Entre nós, a banda desenhada para crianças, um dos mais importantes vectores deste mercado específico, tem sido tradicionalmente esquecida e descuidada pelas editoras, talvez porque alguns continuem achar que esta é uma arte (apenas) para crianças logo todas as obras são para elas vocacionadas.
É por isso de saudar a edição de O Vento nos Salgueiros, embora seja um daqueles casos em que "os adultos são mais sensibilizados por ela", diz o seu autor Michel Plessix. "Eu tento fazer histórias com diferentes níveis de leitura para diferentes escalões etários. A BD para crianças sempre me seduziu. Foi o que alimentou a minha infância e é por causa dela que trabalho na minha profissão".
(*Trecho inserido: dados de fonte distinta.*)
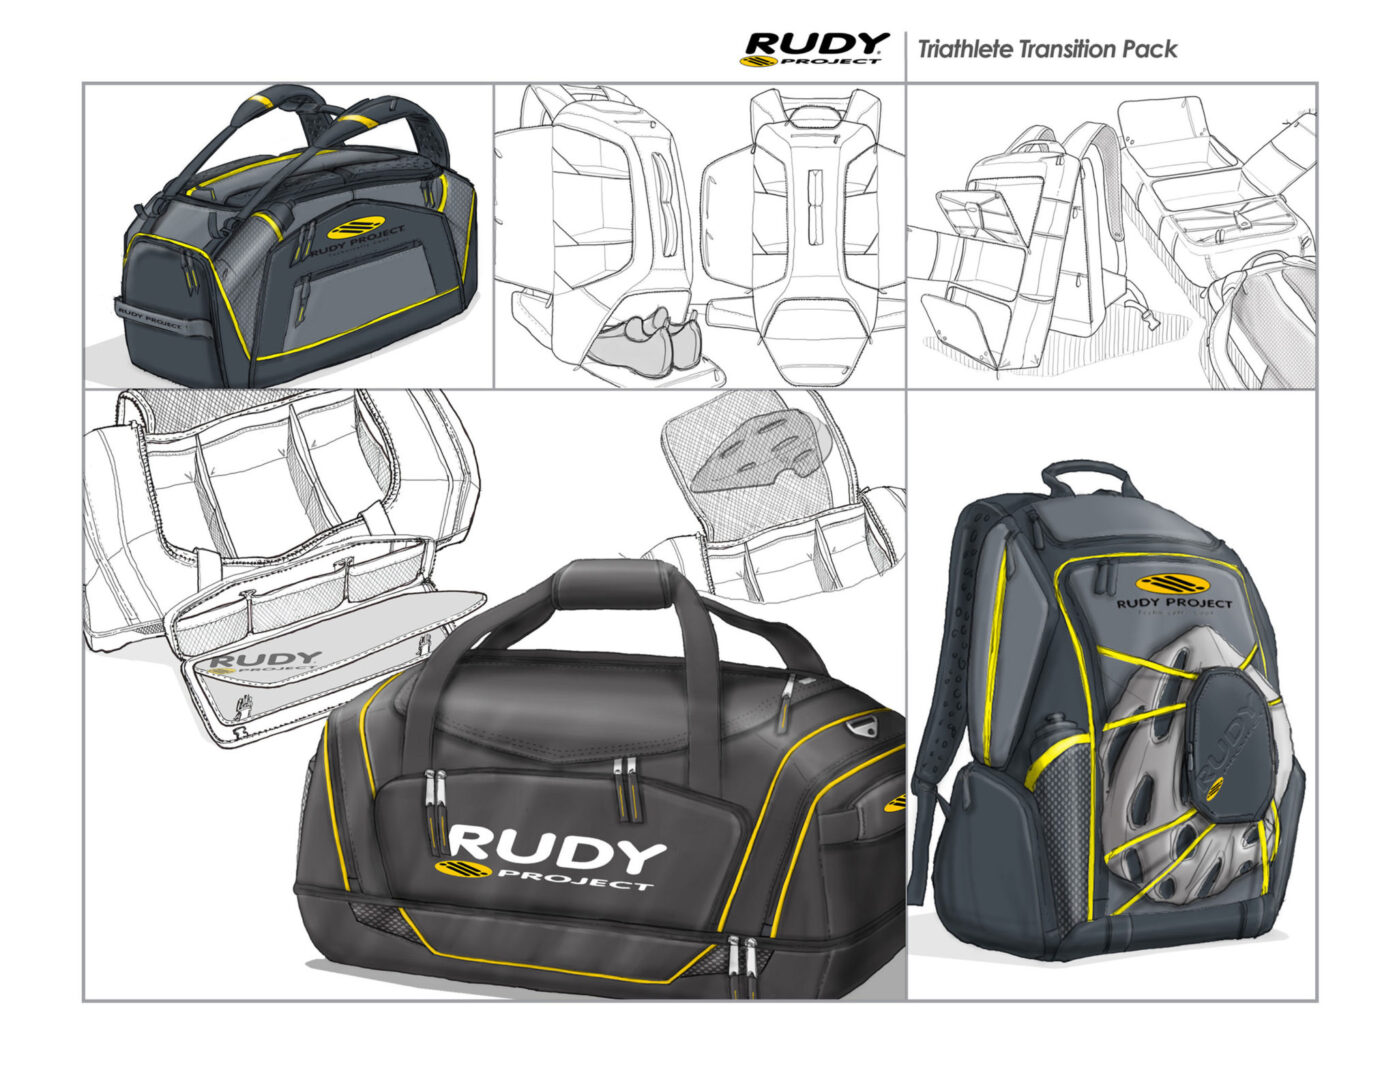 Rudy Project Triathlete Transition Pack

O Vento nos Salgueiros, adaptação do romance homónimo de Kenneth Grahame. é uma das séries mais (merecidamente) premiadas dos últimos anos, pelo ambiente calmo e repousante (bem diferente do ritmo frenético e da violência que domina as atuais criações para a infância) que emana de uma narrativa animalista, onde o importante são os pequenos nadas do dia-a-dia, a natureza, amizade, a poesia, o desenho, quando os animais falavam, o tempo parecia mais longo, o corre-corre actual não existia, o stress ainda menos e as vidas eram calmas e sossegadas, preenchidas com os pequenos-grandes nadas, os passeios pela natureza e as longas conversas entre amigos que são a base da alegria e da paz.
Os protagonistas, onde se encontram mais as qualidades do que os defeitos inerentes ao ser humano, são o inocente e tímido Toupeira, sempre com o seu caderno dos esboços onde tenta captar cada instante de beleza e felicidade ("gosto muito do Toupeira. Aprecio a sua gentileza e inocência. Para fazer uma personagem ganhar vida, temos de lhe incutir uma parte nós mesmos."). O Rato, astuto, inteligente, marinheiro e poeta, e o Sapo, impetuoso e inconsciente, que salta de obsessão em obsessão, em busca de nova emoções e aventuras, para onde arrasta os seus amigos. Todos eles animais geralmente mal-amados, opção não de todo inocente, porque por trás de uma história doce e relaxante, "de conforto e reconforto", não deixam de subentender-se críticas aos males do (nosso) mundo real.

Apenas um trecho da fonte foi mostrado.